Forever Starting Over

Jan 25, 2025 | ben

The process of beginning is a sometimes dire opening act. The confusion and insecurity in learning to do something for the first time induces a pain-like sensation in our brains. Or maybe it just sucks to suck at something. 

As such, sometimes our brains shelter us from this discomfort through a sense of unearned confidence. 

This phenomenon is ‘beginner’s bias’, whereby you immediately feel pretty confident about something within the first few hours, days, or weeks of starting. You don’t know what you don’t know, and you don’t know shit, but you tell yourself, ‘I feel pretty natural at this’. 

There’s probably a really sophisticated psych term for this, but this isn’t that kind of blog, so let’s roll with ‘beginner’s bias’. 

After this gestation phase of euphoric self-assuredness, reality sets in and the thing you felt pretty naturally good at suddenly starts to feel more complex, more nuanced, more specialized. 

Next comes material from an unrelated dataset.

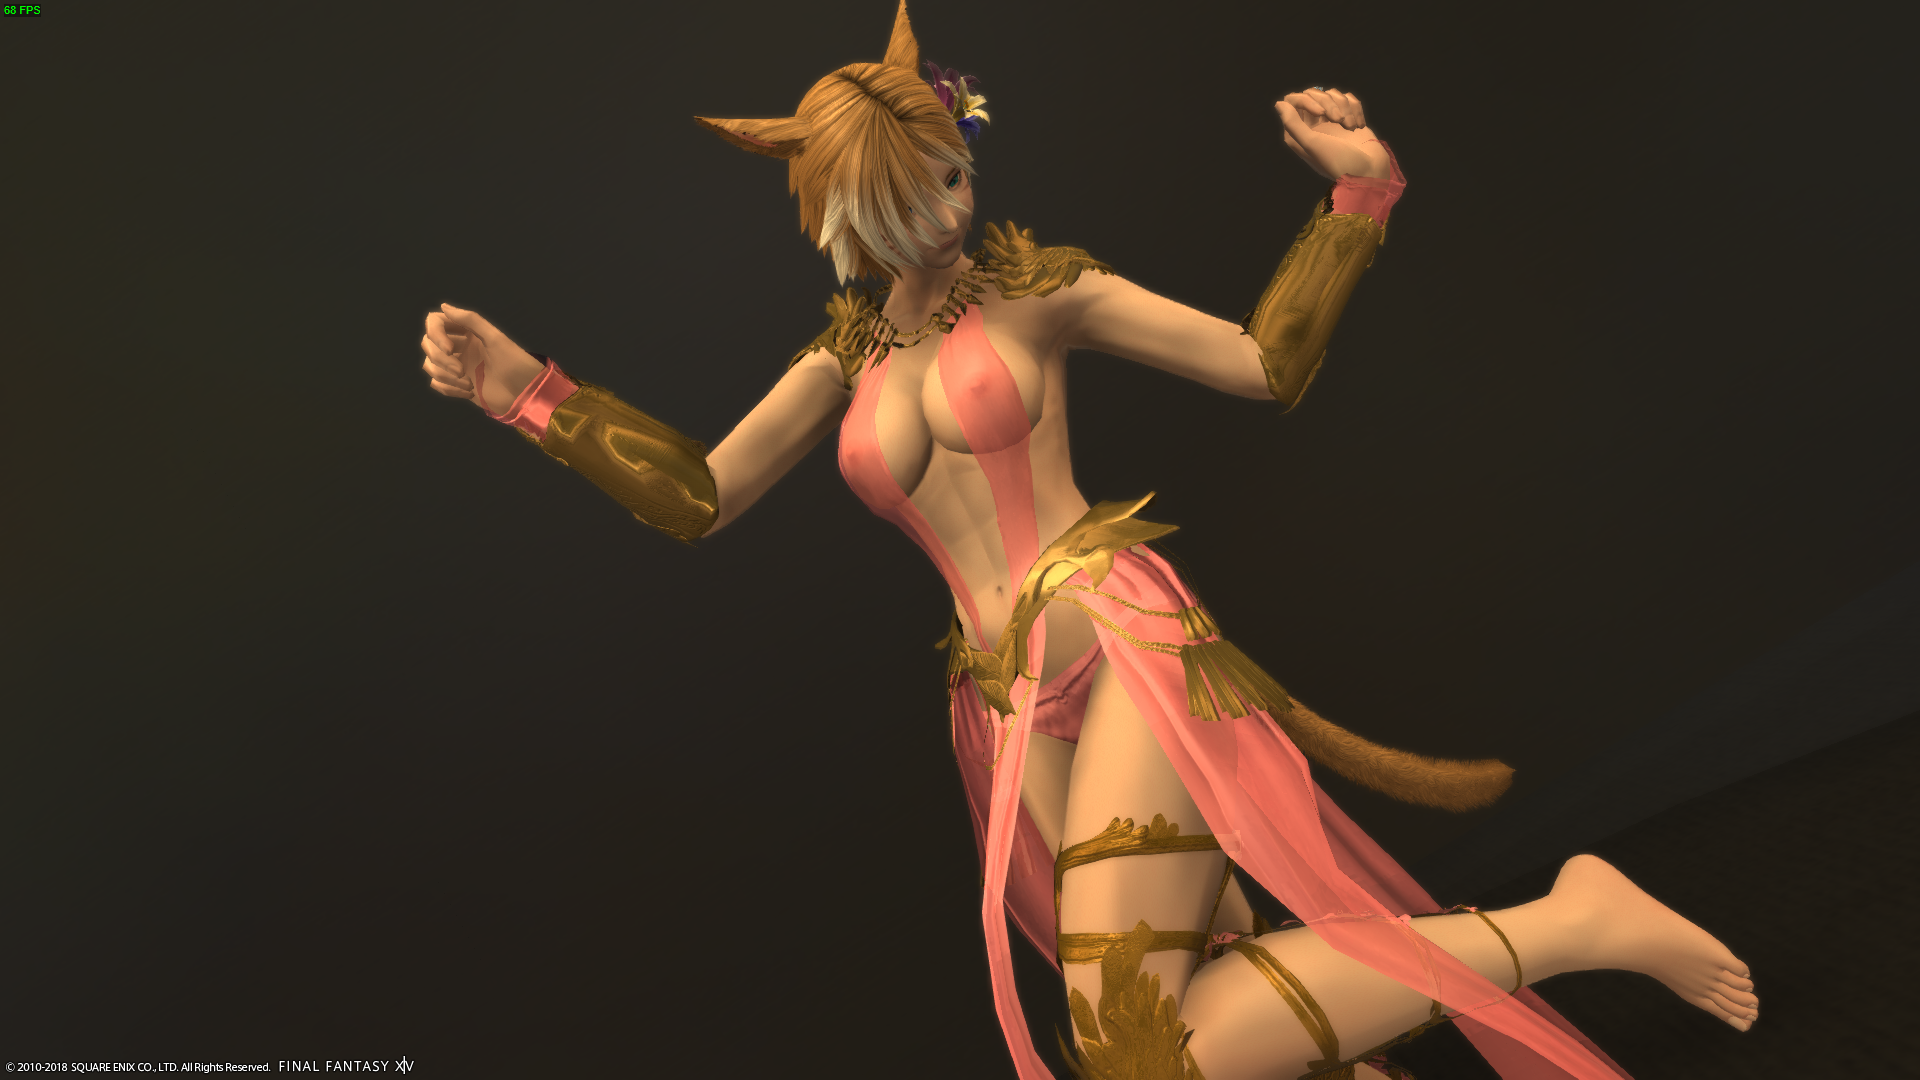 anne m klein recommends ff 14 nude mod pic

You start to feel overwhelmed. You’ve officially entered beginner phase. 

Null Values

Coding is one of those pursuits where you can take a huge leap from knowing nothing to knowing what feels like a lot in a short time frame. 

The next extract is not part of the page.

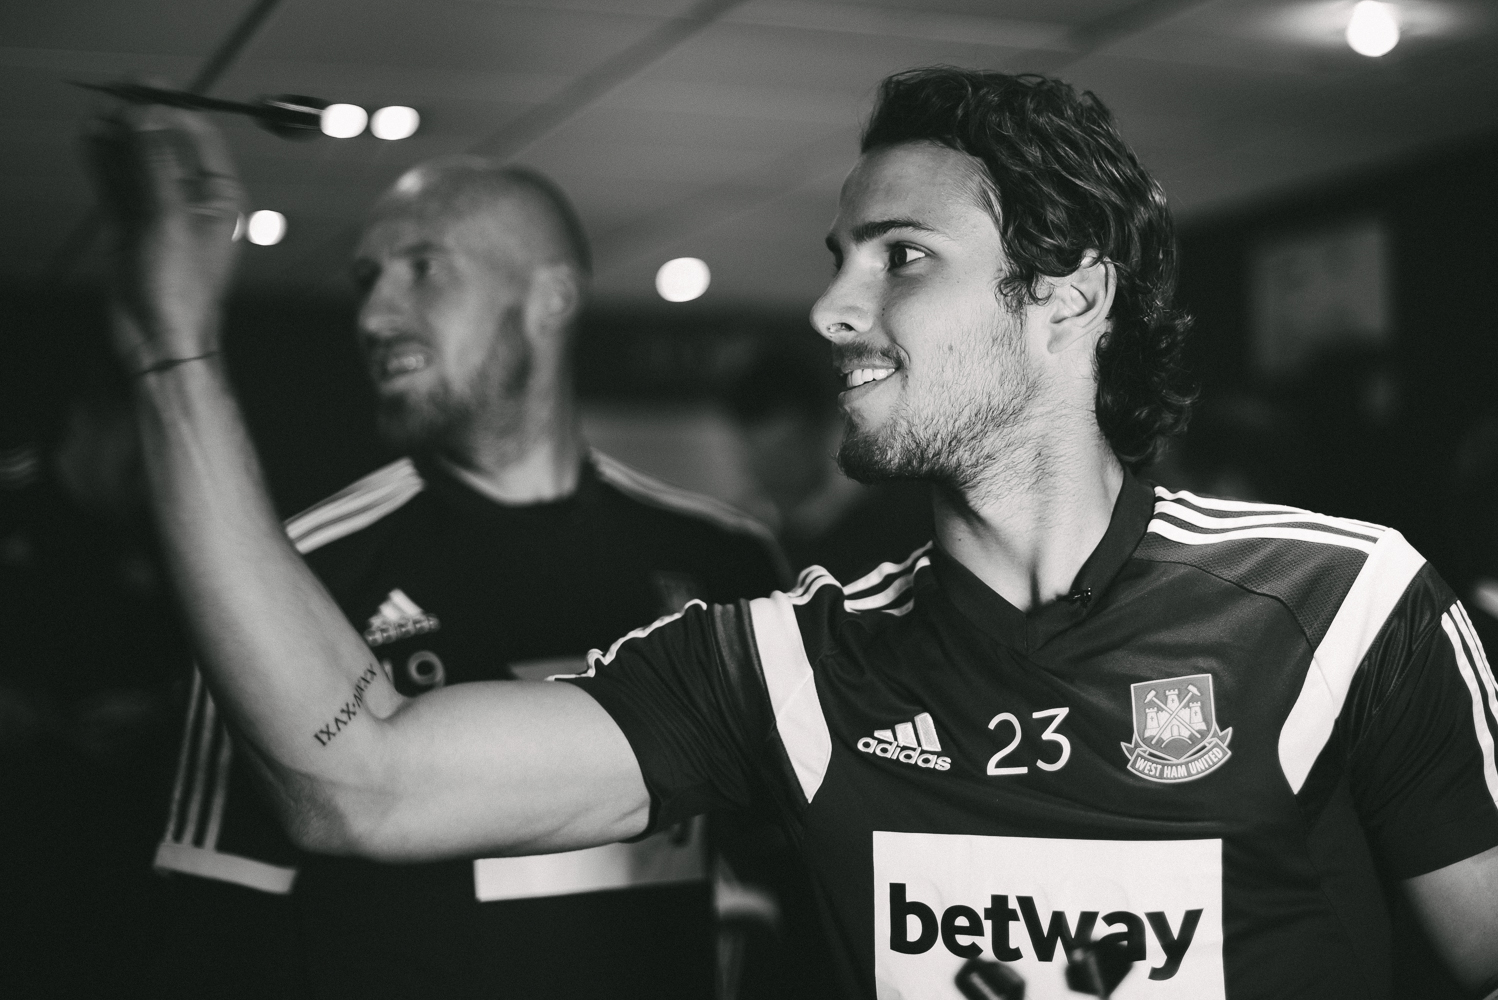 Betway_WestHam_Alex_Wallace_Photography_0115.jpg

Nowadays, its even easier with the unfathomable amount of resources online - GPT, Copilot, some variation of an ‘AI’ assistant ready to hustle you into a highly capable hallucination upon each interaction - and now everyone is a full blown ‘engineer’, or has ‘engineer’ suffixed to their job title, all because of a clever plagiarism machine and a well entrenched industry delusion drowning itself in a bathtub of easy capital. 

But sometimes you transcend.

Existing on the edge of something for novelty or a quick solution is distinct from letting something consume your psyche for so many years that you are now inextricably linked to that thing in spite of everything that compels you to unlink yourself. 

In spite of poverty, job loss, annihilation of purpose, social rejection, absence of meaning, and crippling anxiety, you still pursue that coveted…something. 

That dopamine hit of universal homeostasis when you crack that vexing spiral of logic you overlooked over and over again; the rush of epinephrine when you push that final commit to something astoundingly beautiful that only you and two or four or no other people in the world will ever really comprehend; that world destroying feeling that tightens your throat as you read the hundredth of hundreds of emails describing to you the ways in which you are not enough. 

Yet you begin again.

You find some place amid the grotesque reality of an industry and a craft besieged by demagogues, oligopoly, and atrophied generational dreams to open your IDE and write again. Not as the cynical veteran of ten thousand lost hours, useless features, and a duplicitous managerial caste, but as the ponderous, naive beginner typing wondrous incantations into a machine that you only know and that only knows you. 

The future suspends in an indifferent present and you wake again as the infinite beginner, casting off into a vast blinking nothingness to start over once more.